Photo for: Old Plank Road Trail Included in Great American Rail-Trail Route

Photo by Chris Cheng

The Old Plank Road Trail in Will and Cook counties has been included in a 3,700-mile Great American Rail-Trail route that was announced Wednesday, May 8, by the Rails-to-Trails Conservancy (RTC) organization.

The local path is one of more than 125 trails designated along the "Great American" route, which stretches from Washington, D.C., to Washington State. The OPRT is a 22-mile trail that travels from Joliet through New Lenox, Frankfort, Matteson, Richton Park, Park Forest and Chicago Heights and is owned and managed by multiple jurisdictions, including the Forest Preserve District of Will County.

The remainder of the Great American route in Illinois uses the I&M Canal State Trail in Will, Grundy and LaSalle Counties and the Hennepin Canal Parkway in Bureau and Henry counties. 

"It’s exciting to learn the Old Plank Road Trail was chosen to be part of the Great American Rail-Trail," said Ralph Schultz, the Forest Preserve District's chief operating officer. "The OPRT was our first rail-trail conversion and would not have been possible without local advocates and volunteers as well as the commitment of our municipal partners in preserving the corridor and funding the development and maintenance of the trail."

The Great American Rail-Trail "will unite millions of people over thousands of miles," Ryan Chao, president of RTC, said in a press release. "This trail is a once-in-a-lifetime opportunity to provide – together – an enduring gift to the nation that will bring joy for generations to come."

The preferred route of the nation's first cross-country multiuse trail is detailed in a comprehensive report released by the organization. The Great American Rail-Trail Route Assessment Report outlines RTC's recommendation for the route, developed in close partnership with state and local trail planners and managers.

The organization sought a cross-country route that would provide a high-quality experience for trail users and boost economic and social benefits to the communities it connects, said Liz Thorstensen, vice president of trail development at RTC.

Over 12 months, RTC analyzed more than 34,000 miles of multiuse trails, reviewed state and local trail plans and held discussions with hundreds of trail partners and state agencies along the route.
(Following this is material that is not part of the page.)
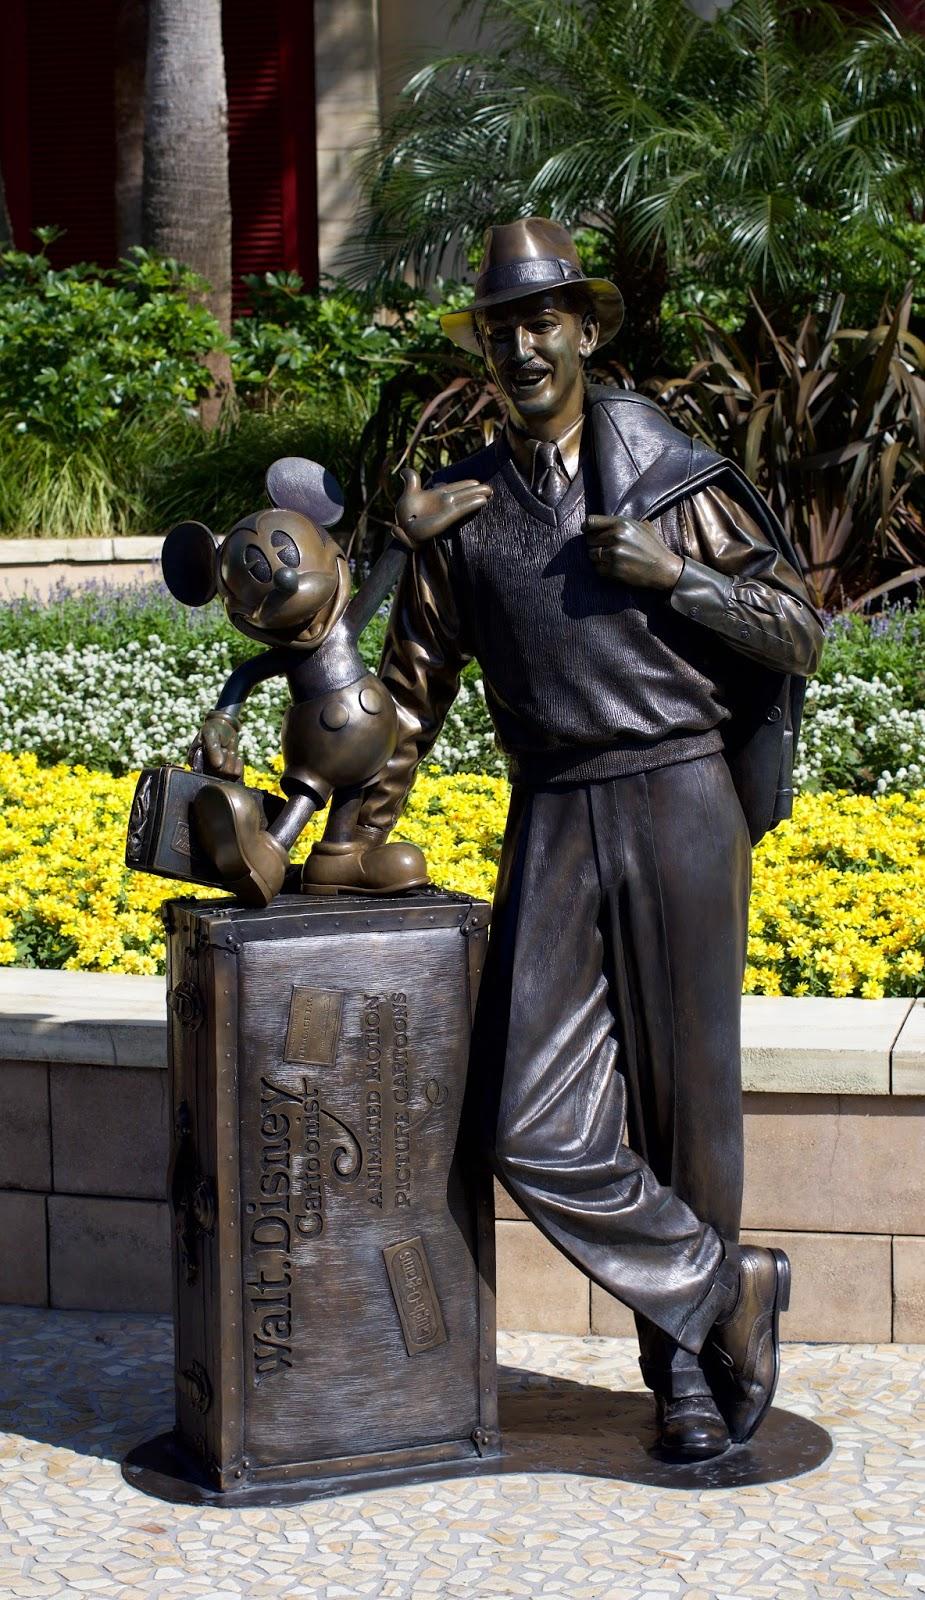 Tokyo-Disney-Sea-Walt-Disney-Mickey-Mouse-statue

The preferred route aligns with RTC's and its partners' goal of having one contiguous route that is initially more than 80 percent, and ultimately entirely, off-street and separated from vehicle traffic, and is the most direct route between Washington, D.C., and Washington State.

The route travels through 12 states and the District of Columbia. In addition to highlighting the 1,900 miles of existing route, the report also identifies trail gaps in need of development to fully connect the Great American Rail-Trail route into one contiguous course, according to a press release from RTC.

"We believe the Great American Rail-Trail will be a transformative project for the nation, as it magnifies on a grand scale the benefits that trails have delivered to communities for decades," Chao said. "Whether bridging gaps within and between communities, creating safe walking and biking access to jobs, transit, shopping and green space; or serving as recreation for cyclists, runners and casual daily explorers, this will be America's trail."



RTC will work to spur trail completion and it is asking 1 million trail lovers to pledge their support to the cross-country trail. All of the details, including the route, are available on RTC's Great American website.

The OPRT has been a popular path ever since the first 12-mile section opened more than two decades ago on July 19, 1997. That first trail section stretched from Western Avenue in Park Forest to the Forest Preserve District’s Hickory Creek Preserve – Hickory Creek Junction in Mokena. Subsequent trail additions pushed the path west into New Lenox and Joliet. The most recent extension brought the trail a mile farther east to Chicago Heights for a total trail length of 22 miles.

Plans for creating the path date back to the 1970s when the Forest Preserve worked with 14 municipalities to try to gain ownership of the defunct Penn Central railroad line. It took around 20 years for the group to get the funding necessary to buy the rail route and there was opposition by some along the way. But trail proponents persevered and the OPRT became a reality.

Success with the OPRT paved the way for other regional trails and trail conversion projects, and the Forest Preserve will continue to look for similar opportunities in the future, Schultz said.